# Is it worth keeping?



## lehatche (Jul 26, 2004)

I have just come into an Apple Power Mac 5200/75/LC and was wondering if it worth keeping? Does it have any real money value? it appears to work ok. I have only dealt with PC's. Any Ideas? Thanks!


----------



## etaf (Oct 2, 2003)

http://www.everymac.com/systems/apple/powermac/stats/powermac_5200_75lc.html

remember Apple specs do not compare to IBMPC specs - so a comaprable IBMPC would need a much higher spec.

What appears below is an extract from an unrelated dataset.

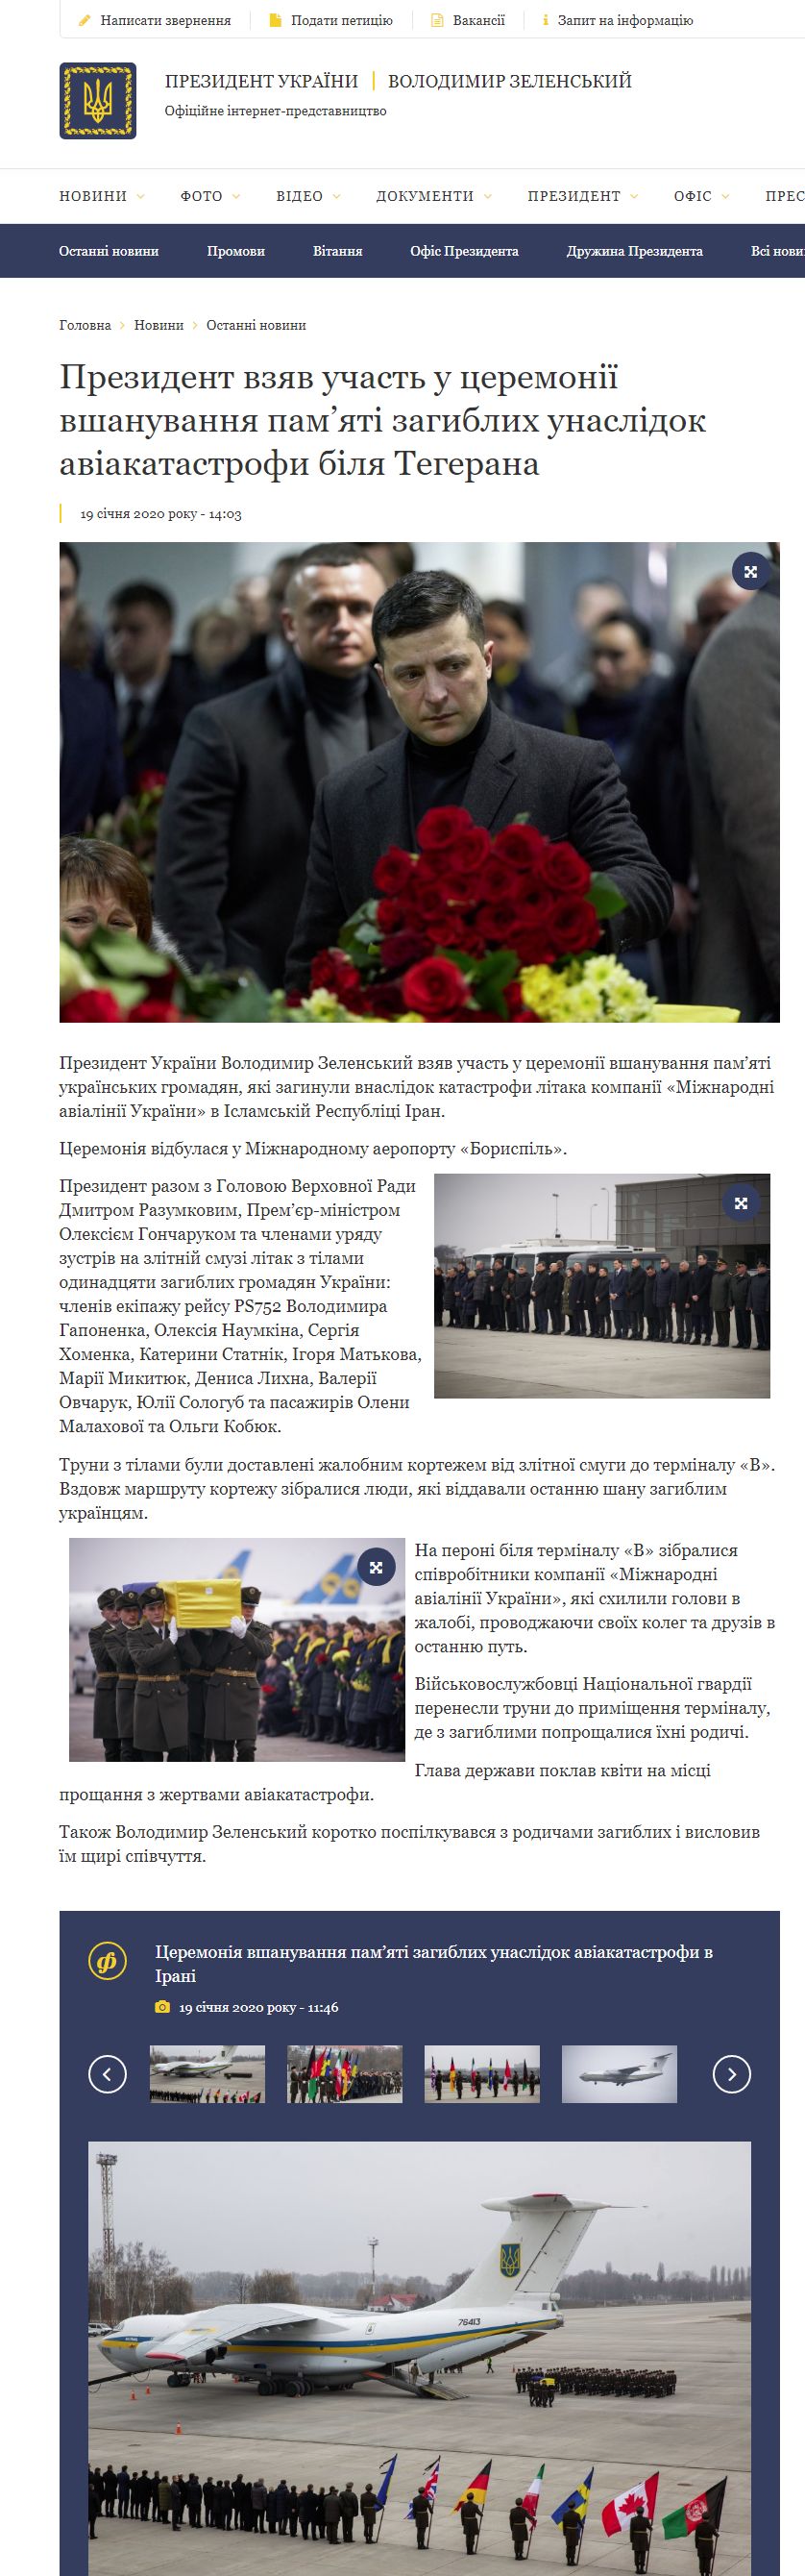 https://www.president.gov.ua/news/prezident-vzyav-uchast-u-ceremoniyi-vshanuvannya-pamyati-zag-59325

however, i dont think it has any value - other then to someone who wants that model - maybe for training purposes to play with macsoftware or play with machardware


----------



## I Fix 4 U (Jul 19, 2004)

do you live anywhere in louisiana? my friend is obsessed with macs. He'd be happy to have any mac, doesn't care how old.


----------



## emoxley (Jan 6, 2004)

Very nice mac...........just very slow, by today's standards. Still, a very stable machine.
You said it's still working fine? Do you have any PC's that old, that are still working fine?


----------



## MSY-Houston (Dec 5, 2004)

If the computer is working, it's worth something to someone. If you can't sell it, consider donating it to a school. Many schools use Apple computers, and there are way too many districts that cannot afford to get any computers. Even if all they do is hook it up to the Internet in a library, that will help kids.

Do a Google search on the words: donate computer


----------



## I Fix 4 U (Jul 19, 2004)

well, if u live near louisiana i know my friend would love it. His house is chock-fulla macs.


----------



## MSY-Houston (Dec 5, 2004)

If you want to sell it, check out craigslist.org or ebay.


----------